PACO AGUADO
El mismo martes de la pasada semana, justo cuando
acababa de redactarse esta columna, llegaba la noticia del fallecimiento del
gran Luis Ortega en su luminoso Rincón del Sur, como él mismo tituló la página
en la que, durante cientos de números, habló de toros y toreros en la vieja
revista Aplausos, de la que fue auténtico alma.
Y aunque ha pasado ya una semana de su muerte en
El Puerto de Santa María, casi nada se ha escrito del bueno de Luis. Si acaso,
apenas cuatro o cinco líneas en memoria –esa memoria rutinaria y desmemoriada
de la actual información taurina– de un periodista a la antigua que tanto
escribió de los demás y que siempre tuvo un gesto de afecto para sus
compañeros.
Así que, por una vez, apetece dejar a un lado el
"día de la marmota" en que se ha convertido el invierno del toreo en
España para dedicarle a este ingenioso gaditano un personal y aislado homenaje
que, durante unos minutos de lectura, le saque de ese otro oscuro rincón del
olvido al que las prisas y la superficialidad relegan a tantos personajes que
nos precedieron.
Lo cierto es que, desde aquel problema vascular,
Luis había dejado de viajar y de aparecer por las plazas. Sólo el año pasado
pudo volver a la feria de su querido Castellón, donde tanto se le quería y
donde cada noche, en el Mindoro, congregaba a un nutrido grupo de amigos ávidos
de escuchar sus ocurrencias, como aquella genialidad de calificar como
"desparasitarios" a los nuevos y vistosos quites que se estaban ya
poniendo de moda hace un tiempo.
Y si no viajaba ya, sí que paseaba cada mañana por
las calles de la capital del vino fino, entre las viejas bodegas y las soleadas
playas de su ciudad. Y seguía hablando tanto como antes, a pesar de que, como
secuela de aquel ataque repentino, las palabras se le trababan en unos labios
que nunca perdieron la sonrisa.
Últimamente se dedicaba a ordenar sus recuerdos,
viejas fotos y recortes, carteles y crónicas, libros y folletos que fotocopiaba
y compartía con los demás a través del correo ordinario. Eran esos retales de
historia del toreo los que, al tiempo que le ayudaban a ejercitar de nuevo su gran
memoria taurina, le hacían evocar otras épocas para él más felices y activas en
una profesión en la que, al paso de los años, la experiencia y el conocimiento
han dejado de cotizar.
Conversador infatigable como era, Luis Ortega no
renunciaba nunca a hablar de toros, ni desde la distancia ni por su dificultad
verbal, por lo que el teléfono se convirtió en su mejor compañero, el que le
acercaba a los buenos amigos para seguir charlando con ellos, las horas que
hicieran falta, sin perder nunca las referencias de la actualidad.

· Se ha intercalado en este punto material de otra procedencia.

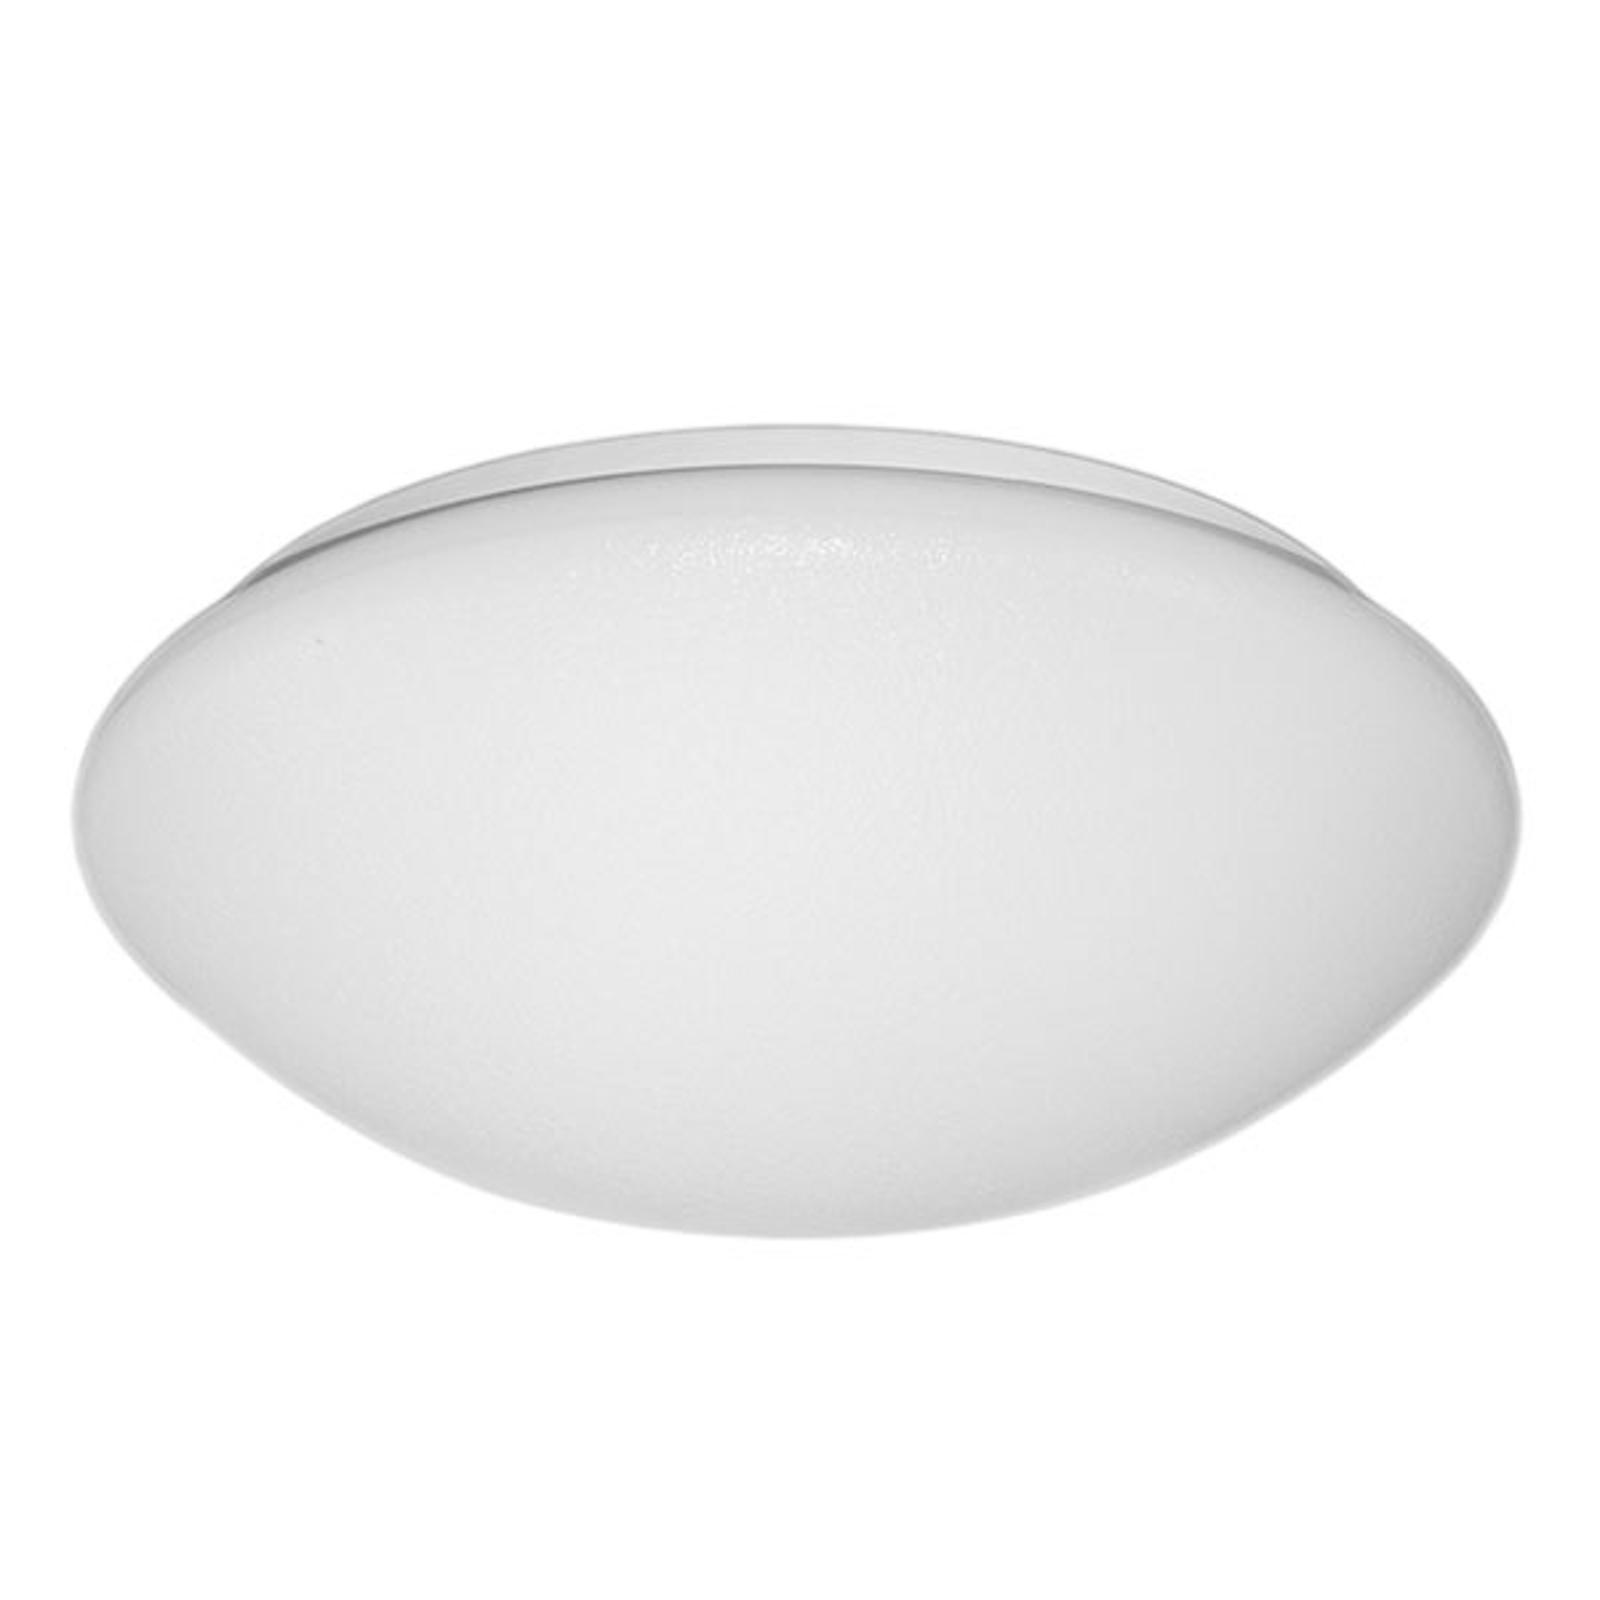 Grote LED plafondlamp, slagvast, 35 W, 3.000 K

Gustaba escucharle, porque Luis tenía gracia, no
guasa. Y la desparramaba lo mismo en las tertulias que en sus columnas, donde
todo lo taurino tenía cabida, fuera de palacio o de chabola, desde las grandes
noticias a los rumores de barra de hotel, donde tantas cuestiones se cuecen en
el toreo, como él tan bien sabía.
Y la perfilaba también en sus crónicas, esos
textos suyos tan singulares, tan a su manera, en los que, sin querer molestar
más de la cuenta, cualquier frase, cualquier matiz, adjetivo o insinuación
aportaban sobre lo sucedido en el festejo del día mucho más que cualquiera de
los sesudos, literarios e "independientes" análisis de los cronistas
sacralizados.
Porque Luis sabía de toros, y mucho. Horas y más
horas de tentaderos y tertulias de campo, su pasatiempo favorito, le granjearon
un profundo conocimiento de toros y toreros, a los que, por verlos prepararse
durante los inviernos, veía venir mucho antes que los demás. Por eso apostó
como nadie, y no se equivocó, por aquel Paco Ojeda desahuciado por los taurinos
y que acabó deslumbrando al mundo con su revolución terrenal.
Cronista de otra época, verdadero purista y
catador del mejor toreo, publicista esforzado e ingenioso, Luis Ortega era de
aquellos apasionados que hicieron del toreo una forma, y no un medio, de vida.
Esa vida que acaba de perder en El Puerto de Rafael Alberti, en ese Rincón del
Sur al que queda pendiente para siempre una visita y una tertulia a la luz de
un sol capaz de iluminar el más oscuro de los olvidos.